DEC1 Das Double-Nickase-Plasmid (h) besteht aus einem aufeinander abgestimmten Plasmidpaar, das für die hochspezifische Bearbeitung des BHLHE40-Lokus in human-Zelllinien entwickelt wurde. Jedes Plasmid exprimiert eine Cas9-D10A-Nickase und eine spezifische sgRNA, die auf entgegengesetzte DNA-Stränge innerhalb von BHLHE40 abzielt. Wenn sie auf benachbarte Stellen auf entgegengesetzten DNA-Strängen gerichtet sind, erzeugen die beiden Nickasen versetzte Einzelstrang-Schnitte, die zusammen einen versetzten Doppelstrangbruch erzeugen, was eine koordinierte On-Target-Aktivität beider Guides erfordert. Der resultierende DNA-Bruch wird durch endogene zelluläre Reparaturwege behoben, meist durch nicht-homologe Endverknüpfung (NHEJ), was zu Insertionen oder Deletionen führt, die die BHLHE40-Funktion stören. Durch die Notwendigkeit einer doppelten sgRNA-Bindung am Zielort erhöht der Doppel-Nick-Ansatz die Spezifität der Bearbeitung und bietet eine komplementäre CRISPR-Strategie für Anwendungen, bei denen eine zusätzliche Kontrolle über die Zielgenauigkeit gewünscht ist.
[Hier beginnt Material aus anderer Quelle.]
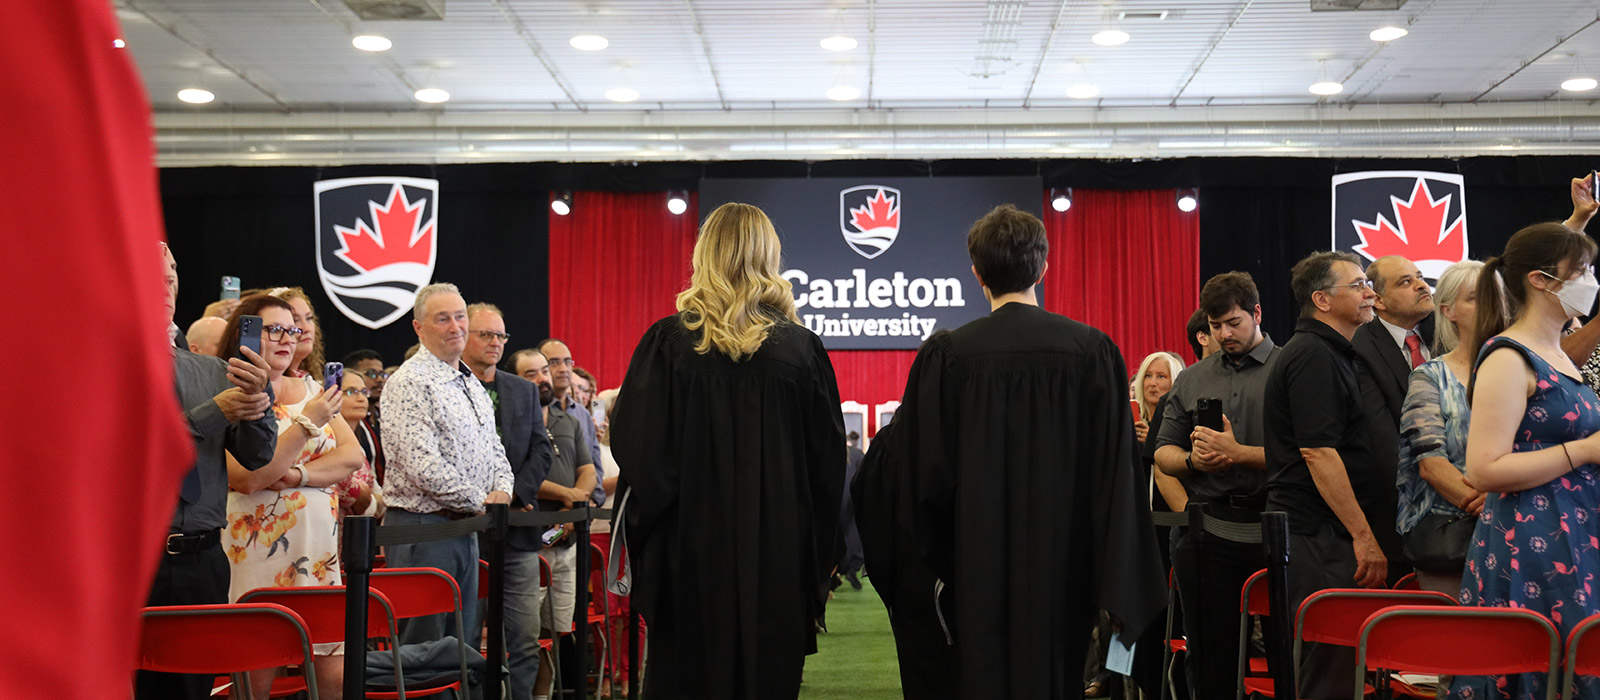 Two graduates makes their way towards the stage down a row with crowds on both sides.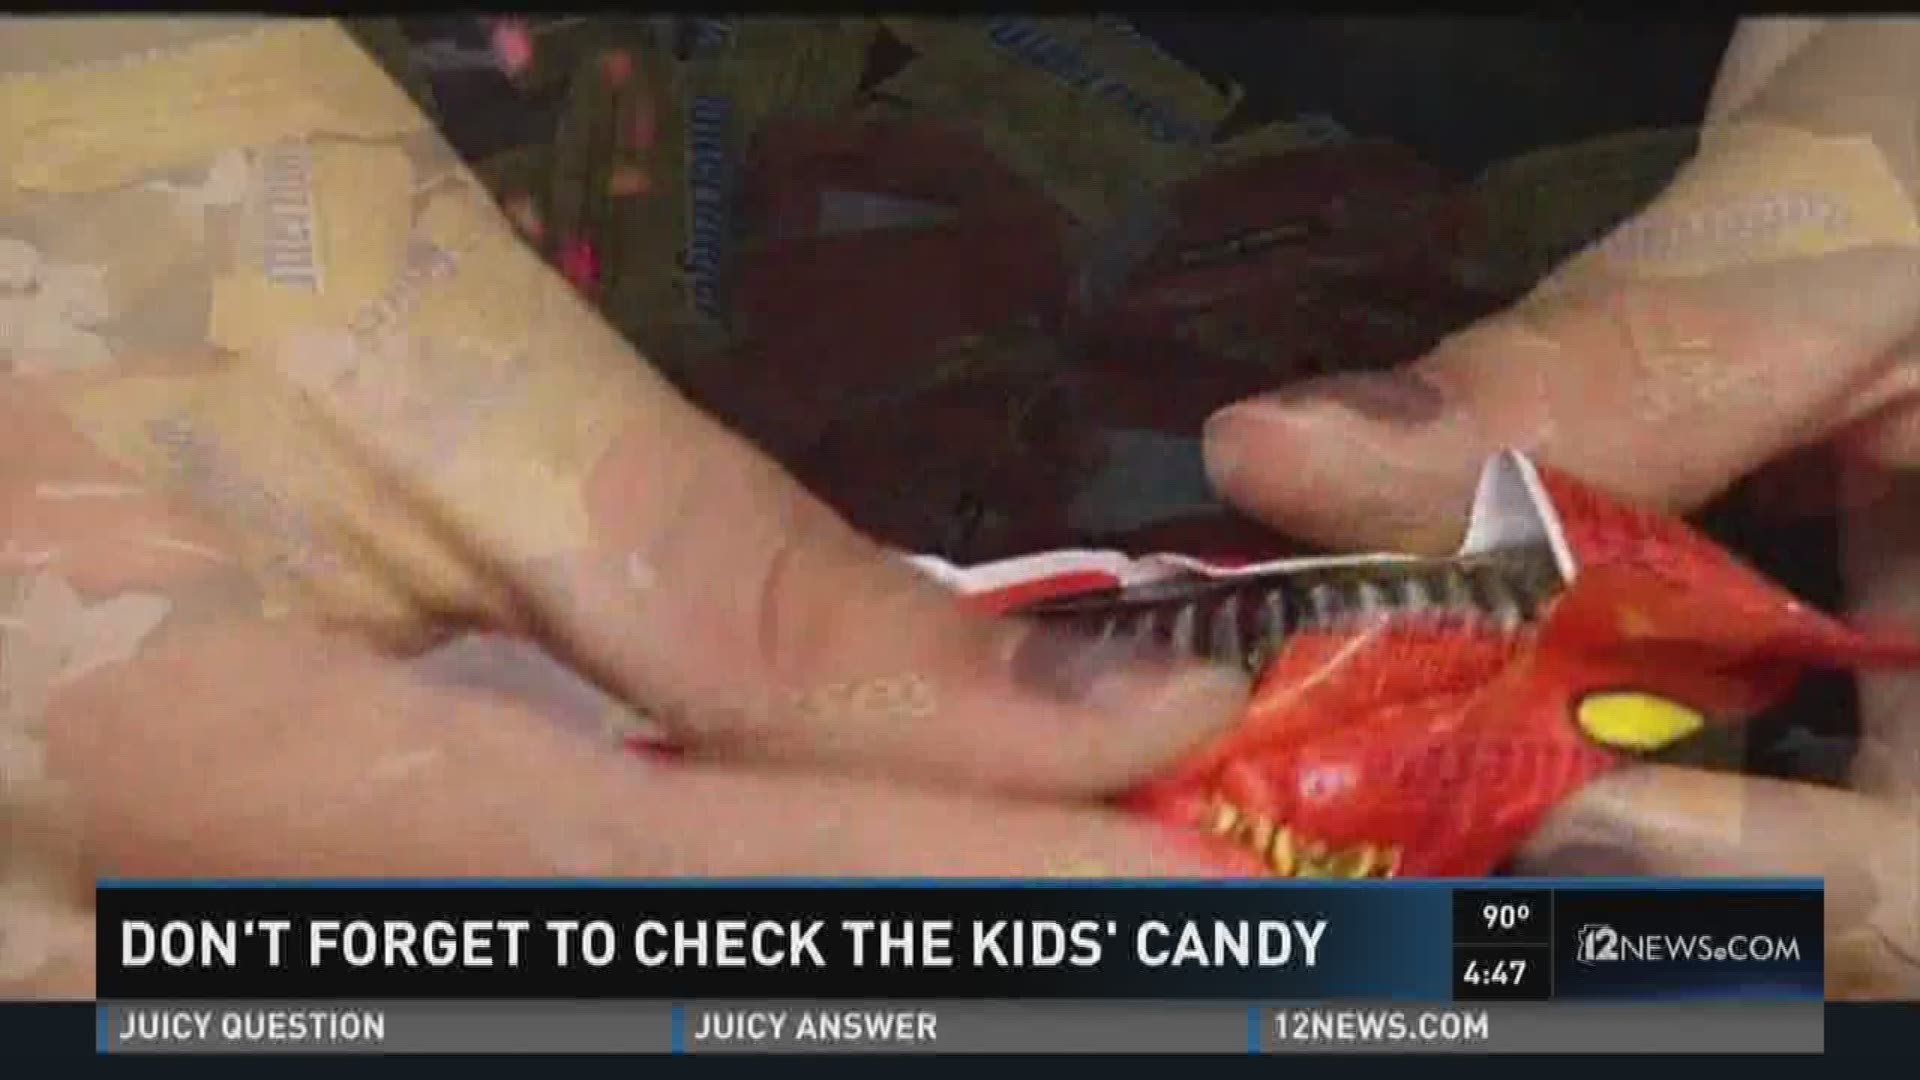 Halloween treats means parents have to be extra vigilant.

Um eine effiziente Identifizierung editierter Zellen zu unterstützen, kodiert ein Plasmid GFP zur fluoreszierenden Visualisierung transfizierter Populationen, während das Begleitplasmid ein Puromycin-Resistenzgen für die Antibiotika-Selektion trägt. Zusammen unterstützen diese Merkmale eine effiziente Anreicherung co-transfizierter Populationen und vereinfachen die Validierung von Klonen mit BHLHE40-Störung.
Nur für Forschungszwecke. Nicht für diagnostische oder therapeutische Zwecke bestimmt.